Stores settings for reading and writing CSV files.

This class describes the format of a CSV file and is used by the CSV parser to control the interpretation of the CSV data. The default settings are for the Microsoft Excel CSV format.

Predefined settings for various uses are available from the CsvManager class. For example, CsvManager.makeUnixSpec() returns a CsvSpec object that understands UNIX style backslash escapes (\n for newline and so on).

To use a predefined CsvSpec or to specify your own, use the CsvManager.setCsvSpec(com.ricebridge.csvman.CsvSpec) method.

CsvSpec objects allow you to control the interpretation of your CSV file in a number of ways:

When outputting CSV data, the following options are also provided:

This class is designed to use sensible defaults where necessary.

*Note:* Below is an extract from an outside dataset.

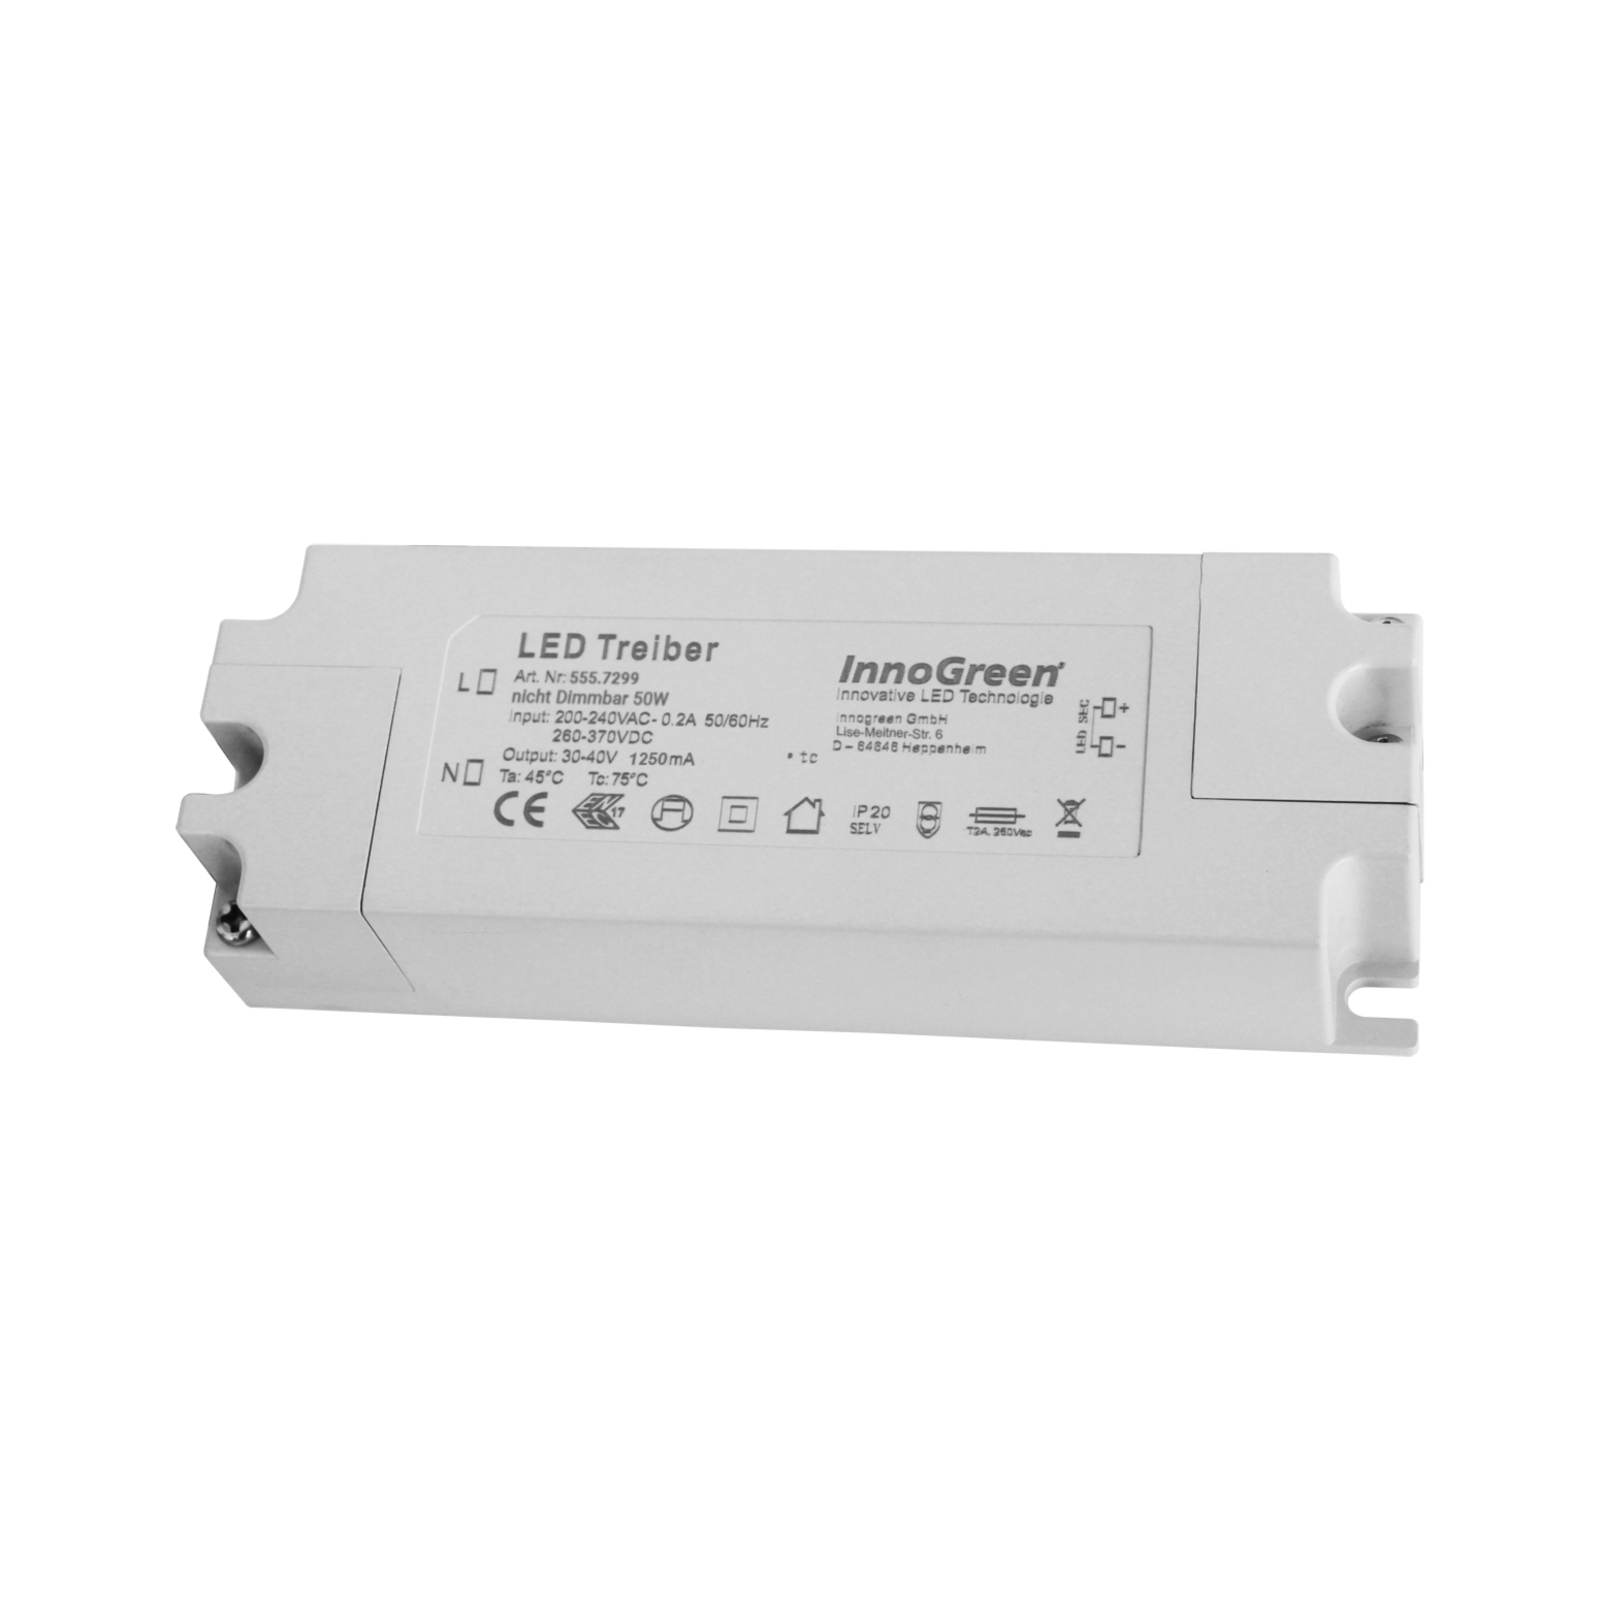 InnoGreen LED driver 220-240 V(AC/DC) 50W

This means that setting an option may alter other options so that the settings remain consistent. The most common use-cases are used as the basis for deciding which settings have precedence. The method documentation for each setting explains any side effects.

Convenience methods are available in the CsvManager class so that it is not always necessary to use the CsvSpec class. Each CsvManager instance contains a CsvSpec object with the default Excel settings.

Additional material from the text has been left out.